I’ve recently been digging through systems theory, and coincidentally came across the wonderful concept of anti-fragility. As with everything in systems, it can apply to a wide spectrum of scopes from individuals to large organizations.
Originally proposed by Nassim Nicholas Taleb in his book «Antifragile: Things That Gain from Disorder» it refers to how certain systems not only withstand disruptions but actually thrive and grow stronger as a result of them. For instance, your body’s immune system becomes stronger when exposed to pathogens as it learns to recognize and combat them effectively.
While mathematical in its foundation, it’s intuitive to intro the concept and how it compares to others. It is also probably wrong, so I highly recommend the book or some of Taleb’s talks.
Comparisons
By resilience I mean being able to withstand stress and shocks, to then recover to the original form. This means that that while disrupted, the system is in tension and waiting to restore its shape and original way of working. Although it continues to do so, it does it in a loaded state.
An adaptable system will reshape to allocate for such stress, shock or disruption and work around it. The learning is focused on reaching continuity, but it does not incorporate the disruption as a possibility to actually improve.
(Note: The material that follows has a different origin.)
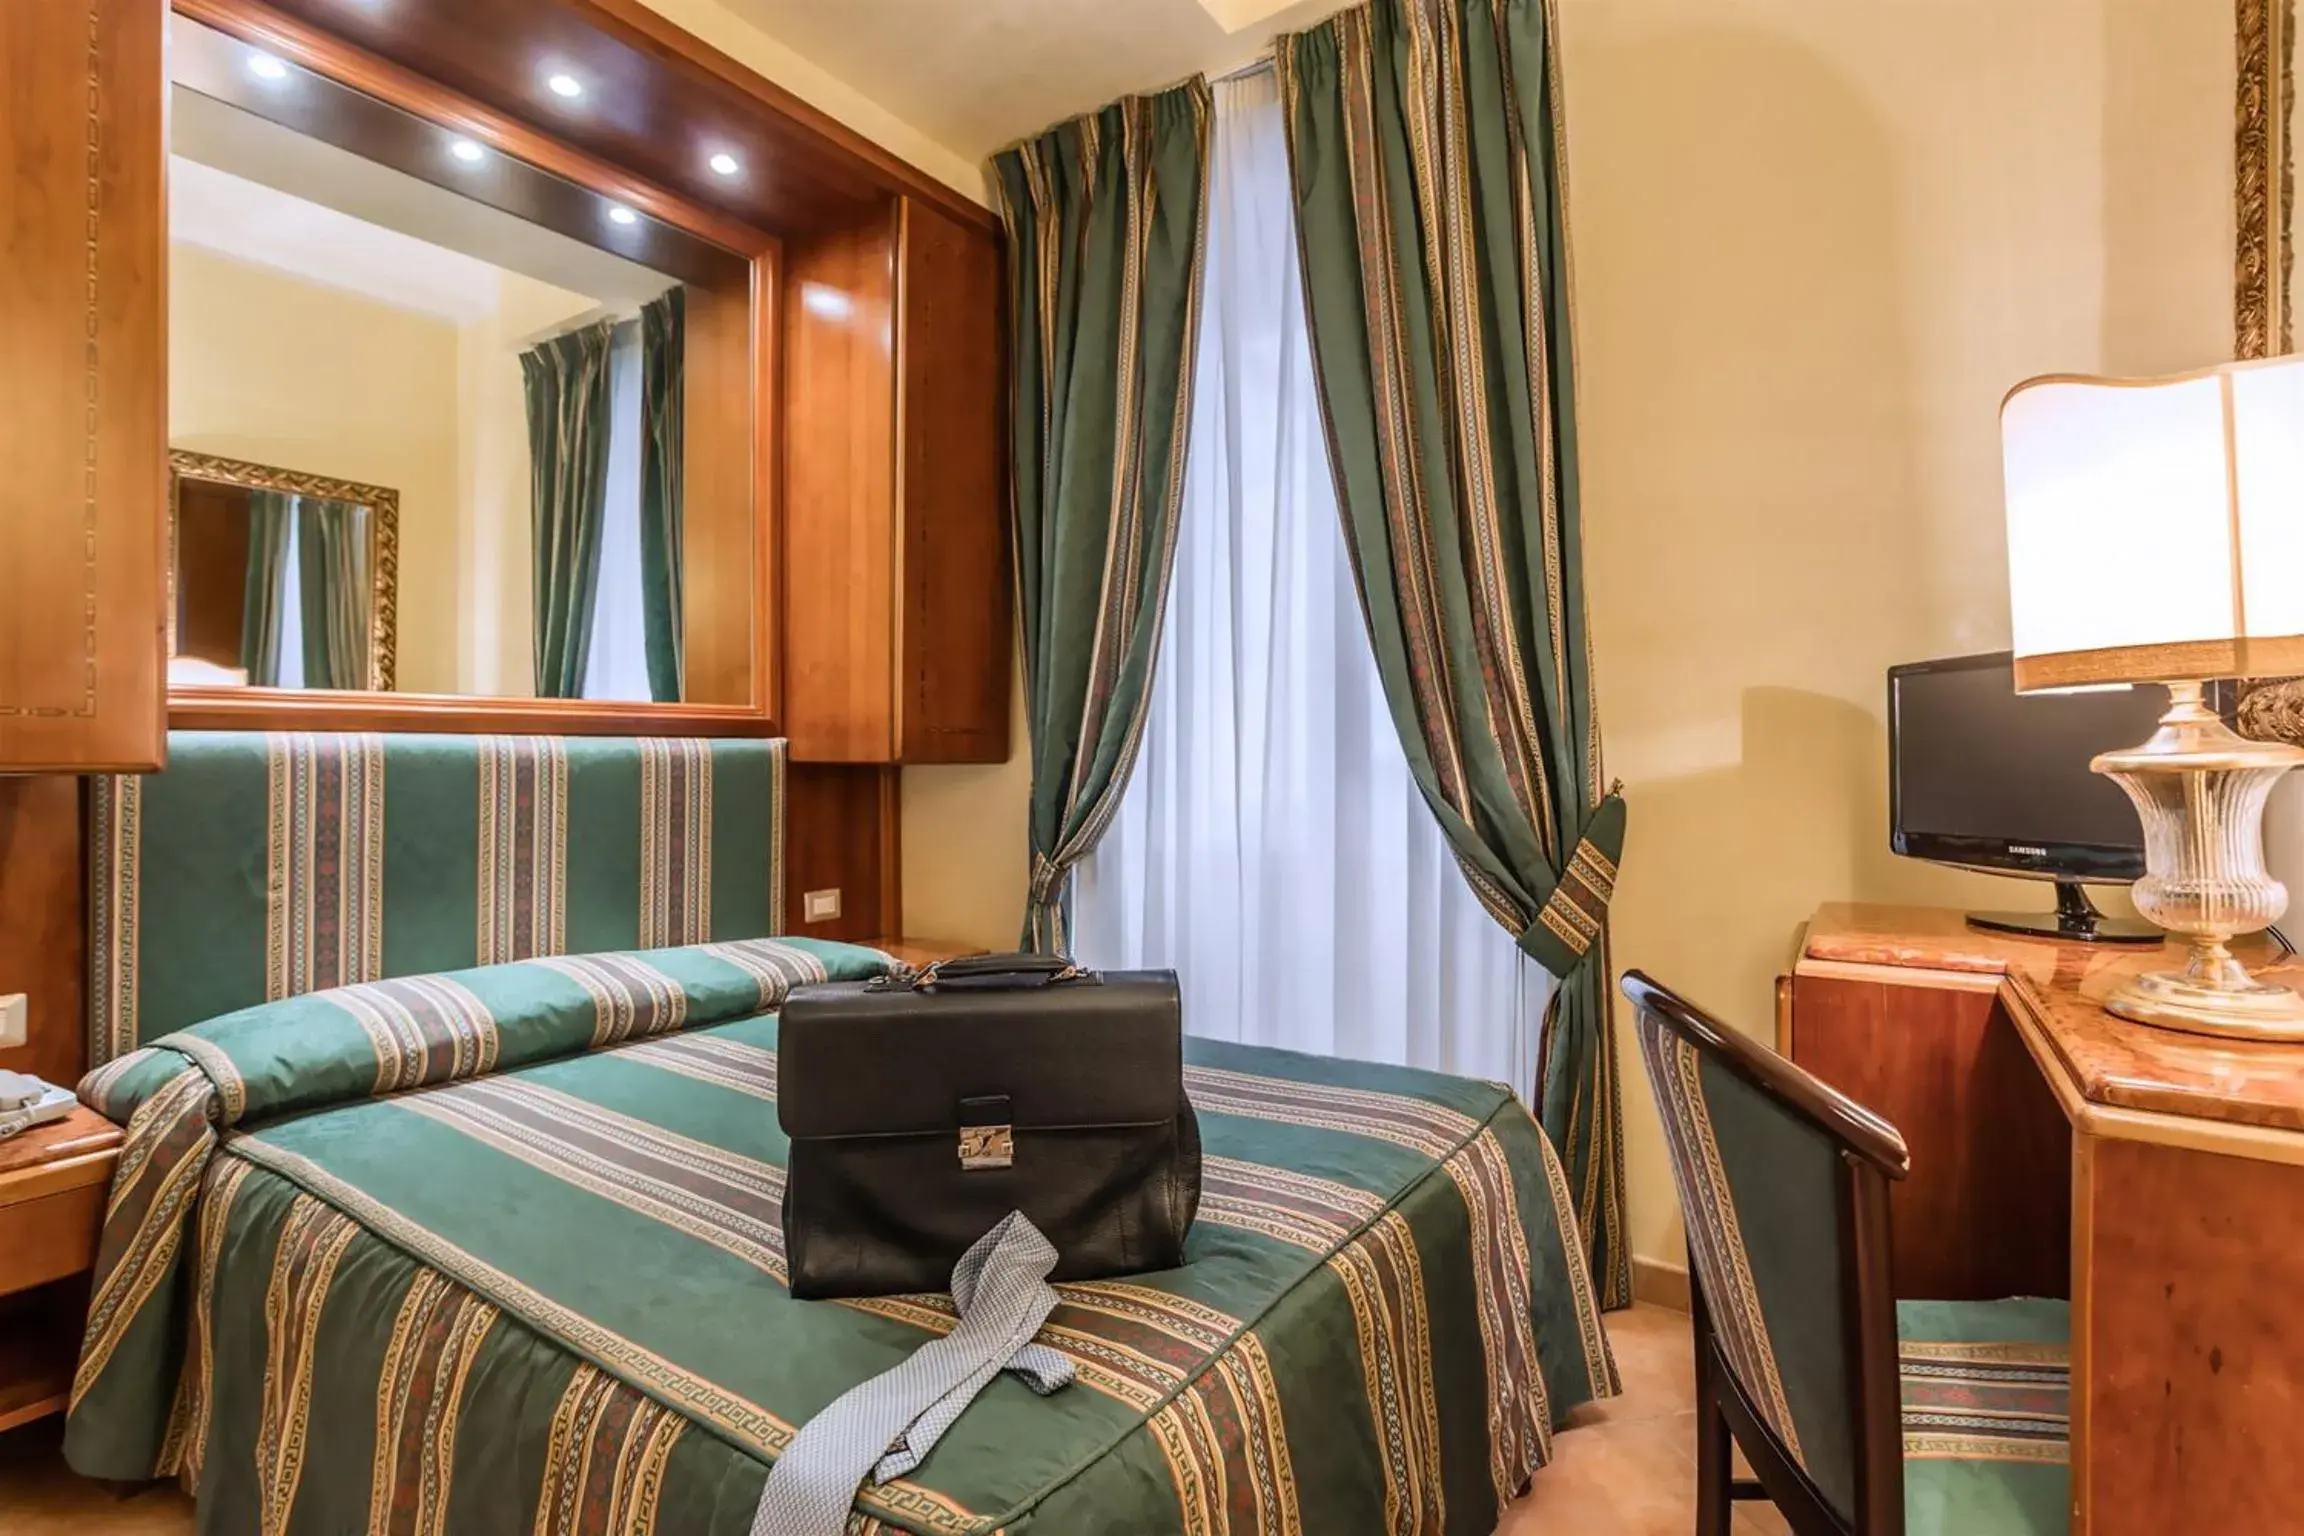 Bedroom, TV/Entertainment Center in Raeli Hotel Regio
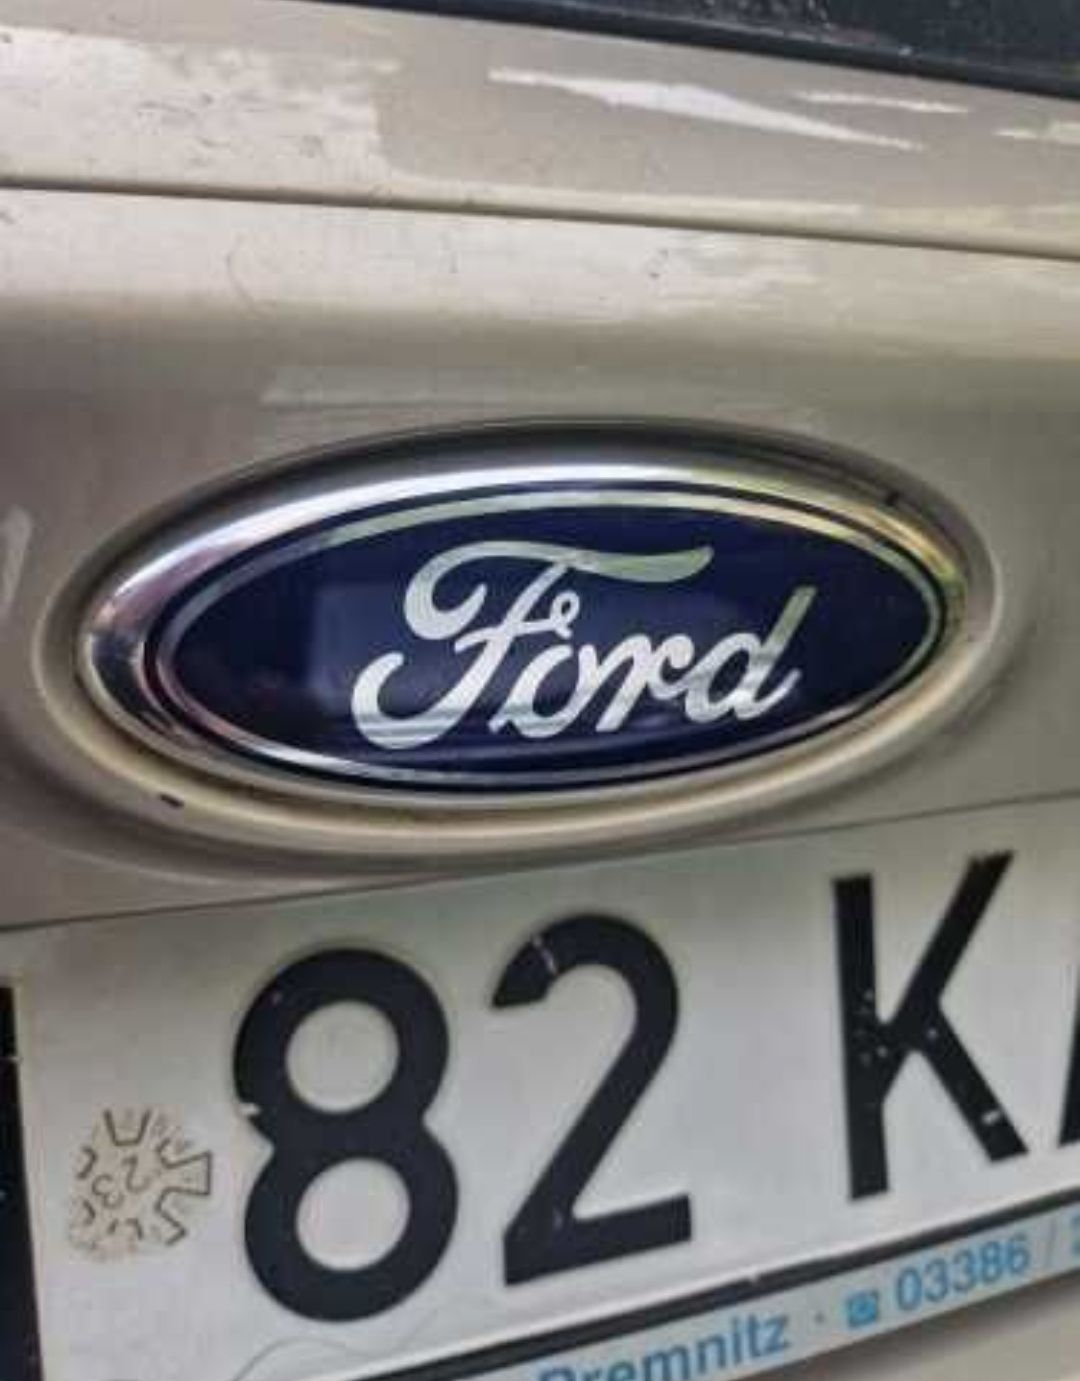 Sigla / Emblema metalica Ford 14,5 x 5,8 cm (focus, mondeo etc)

Finally, an anti-fragile system needs some variability and stress. And it will positively react to it – particularly if it resembles a previous one – or by being effective in learning how to face new challenges. Since it learns and welcomes uncertainty, it becomes overall better as time goes by in a non-controlled environment.
Some key pieces
While not unique features of anti-fragile systems, the following are some important ones based on the role they take.
Memory and Options
Since learning is a key process in an anti-fragile, it means that it has some kind of memory to recall based on a piece of information. This process is somehow unique in that it should bring options as well, as that is a defining feature of this kind of systems.
While this is similar, some tools and its adoption is a struggle for many organizations. Lightweight instruments like ADRs that can capture options might be helpful!
Overall, continuously building memory that is compact, easy to store and retrieve can be challenging. Continuous Improvement practices – like retrospectives or postmortems – usually try to address this and sound like a great starting point.
Detection and Communication
Quickly and precisely understanding what is being affected, how is being disrupted and to what extent is a key mechanism. This is clear in options traders that leverage top-level information all the time.
Clear and real-time information of a system as well as precise and fluent communication between different parts of it, is a must-have to be able to react appropriately to different events. If not, one of the problems is that the learning process becomes noisy.
Risk Taking
Anti-fragility involves actively seeking out some variability and randomness as opportunities for growth and development, rather than trying to eliminate or avoid them.
Chaos Engineering might act as a reference (and extreme) example of how we can implement this.